Notably, the F.T.C. mentioned in its announcement that it had asked for information from Microsoft. While Amazon, Apple, Facebook and Google have been under scrutiny by regulators since last year, Microsoft — which battled and settled an antitrust case in the late 1990s — had appeared to escape most of the current backlash.

Amazon, Facebook, Apple and Google declined to comment. A spokesman for Microsoft said the company looked forward to “working with the F.T.C. to answer their questions.” The companies could file motions to quash the F.T.C.’s requests.

“Google didn’t invent YouTube. Facebook didn’t invent Instagram. And the list goes on and on,” Rohit Chopra, an F.T.C. commissioner and a Democrat, said in a tweet that referred to past acquisitions by Google and Facebook. “That’s why I voted to order @Google, @Facebook, @Amazon, @Apple, & @Microsoft to hand over a decade of records about their buying binge.”

The F.T.C.’s requests could generate a voluminous quantity of information.

In a sample order posted by the agency, it asked for internal documents related to the deals — including analyses presented to top executives and the minutes of board meetings where the acquisitions were discussed. It asked questions about whether certain purchases were a “data acquisition” and about which venture capitalists and angel investors had stakes in the smaller companies.
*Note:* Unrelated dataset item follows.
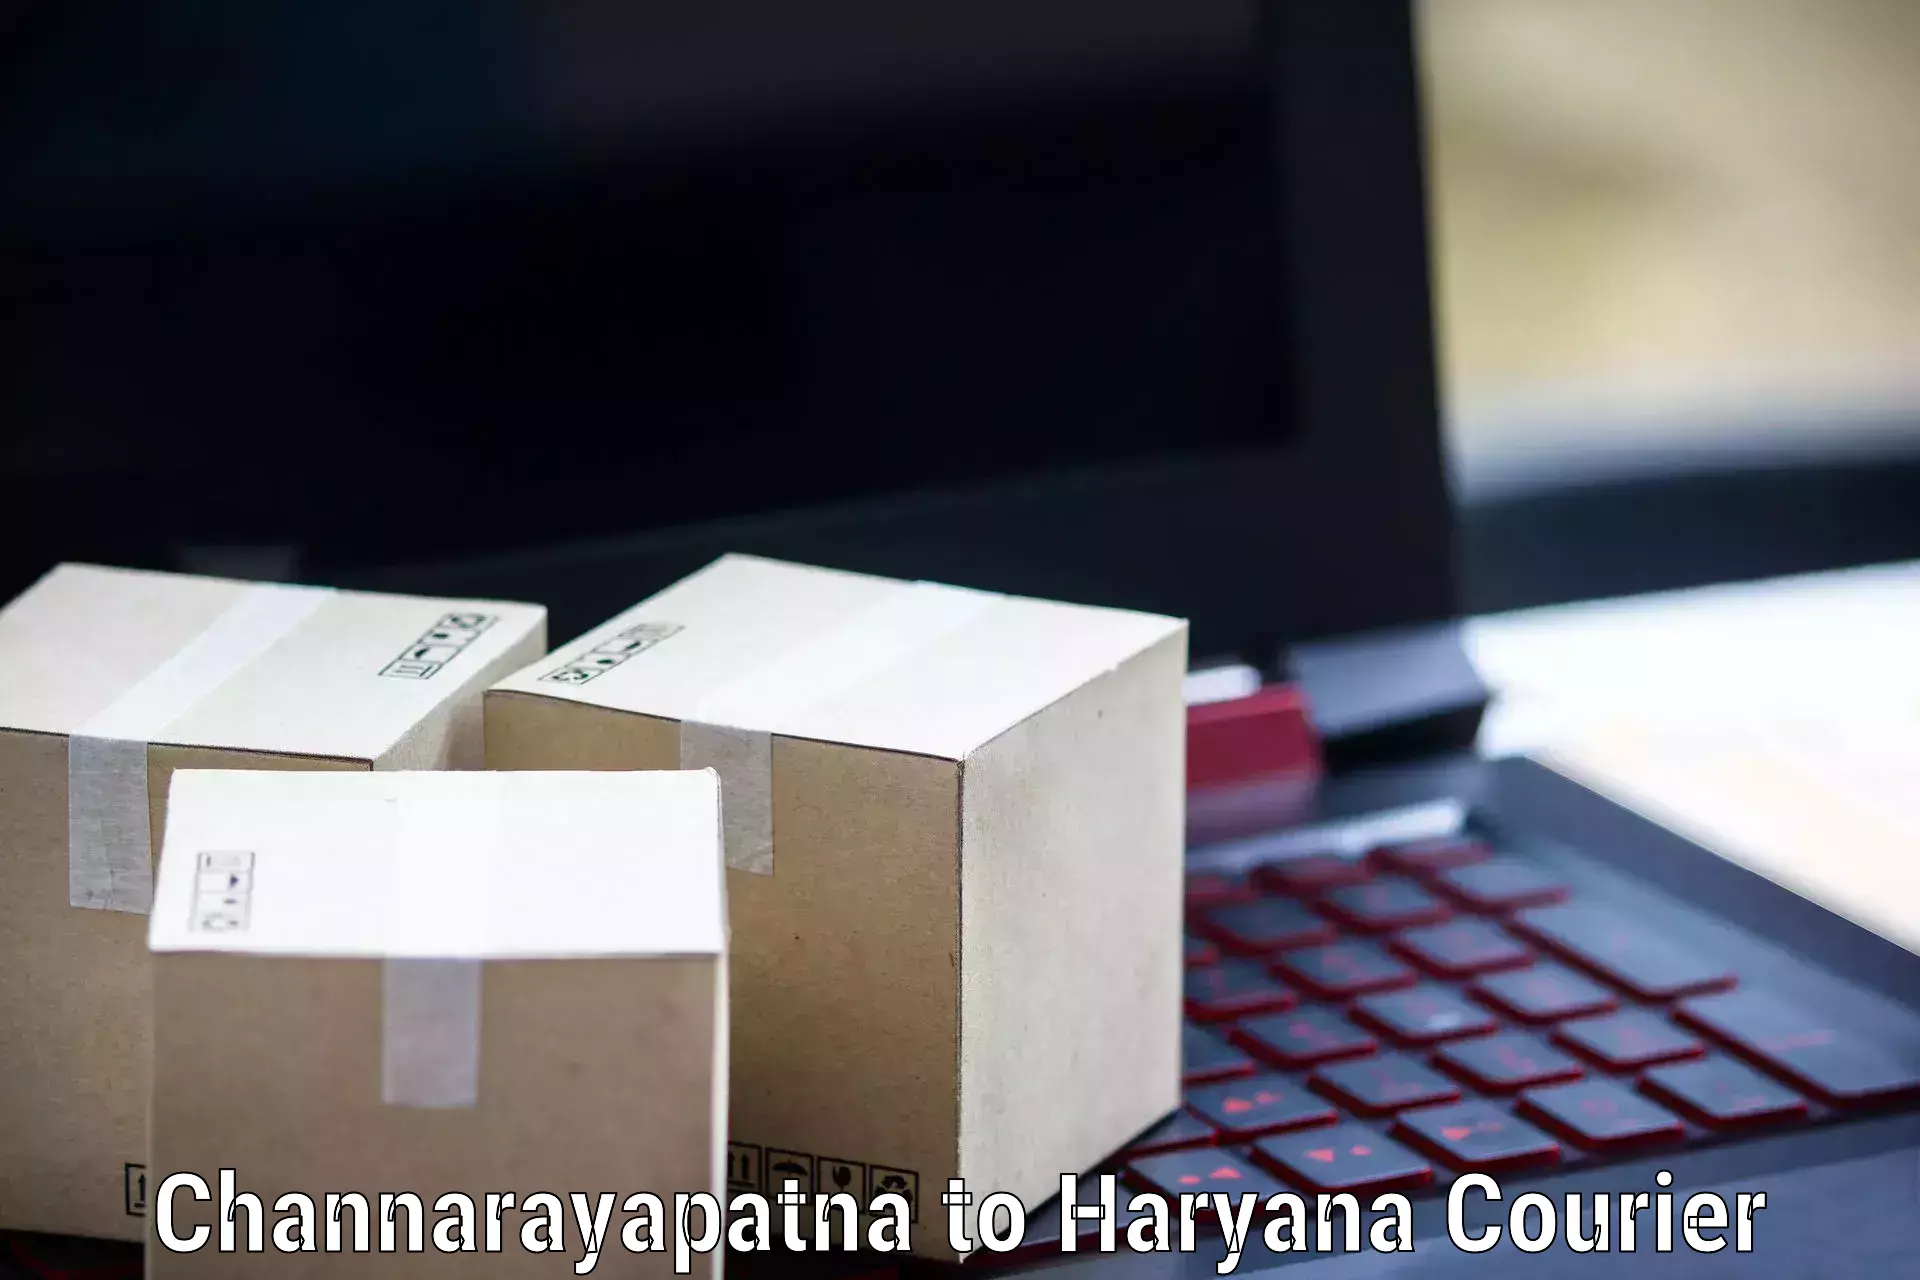 Holiday shipping services Channarayapatna to Kurukshetra University

The F.T.C. also said in its announcement that it would look at “agreements to hire key personnel from other companies.” Silicon Valley companies are known to buy other, smaller firms as a way of bringing in key talent — a practice known as “acqui-hiring.”

The announcement immediately cast a pall over the stocks of the large tech companies. The tech-heavy Nasdaq composite curtailed its gains on Tuesday, though it remained in positive territory. Facebook and Microsoft were particularly hard hit.

In a statement, Representative David Cicilline, a Rhode Island Democrat who is leading the House Judiciary Committee’s inquiry into the tech giants, said the F.T.C.’s order was an “important step in correcting the decades of inaction by antitrust enforcement agencies that have led to consolidation in the digital marketplace.”

Last month, executives of small companies like Sonos and PopSockets told members of the House committee that tech behemoths like Google and Amazon had harmed their businesses.

The Justice Department plans to hold a series of public discussions in Silicon Valley this week with venture capitalists. Panels at the event will focus on so-called kill zones — when the dominance of one company renders attempts to start a competing firm useless — and on investing in markets dominated by major internet platforms.

The broad range of interests by regulators highlights the issues facing the technology companies, said Diana Moss, president of the American Antitrust Institute, a progressive think tank.

“Other than the massive trusts of the late 1900s, I don’t think antitrust enforcers have had to deal with the kind of strategic motivation for M&A that the tech platforms appear to have,” she said.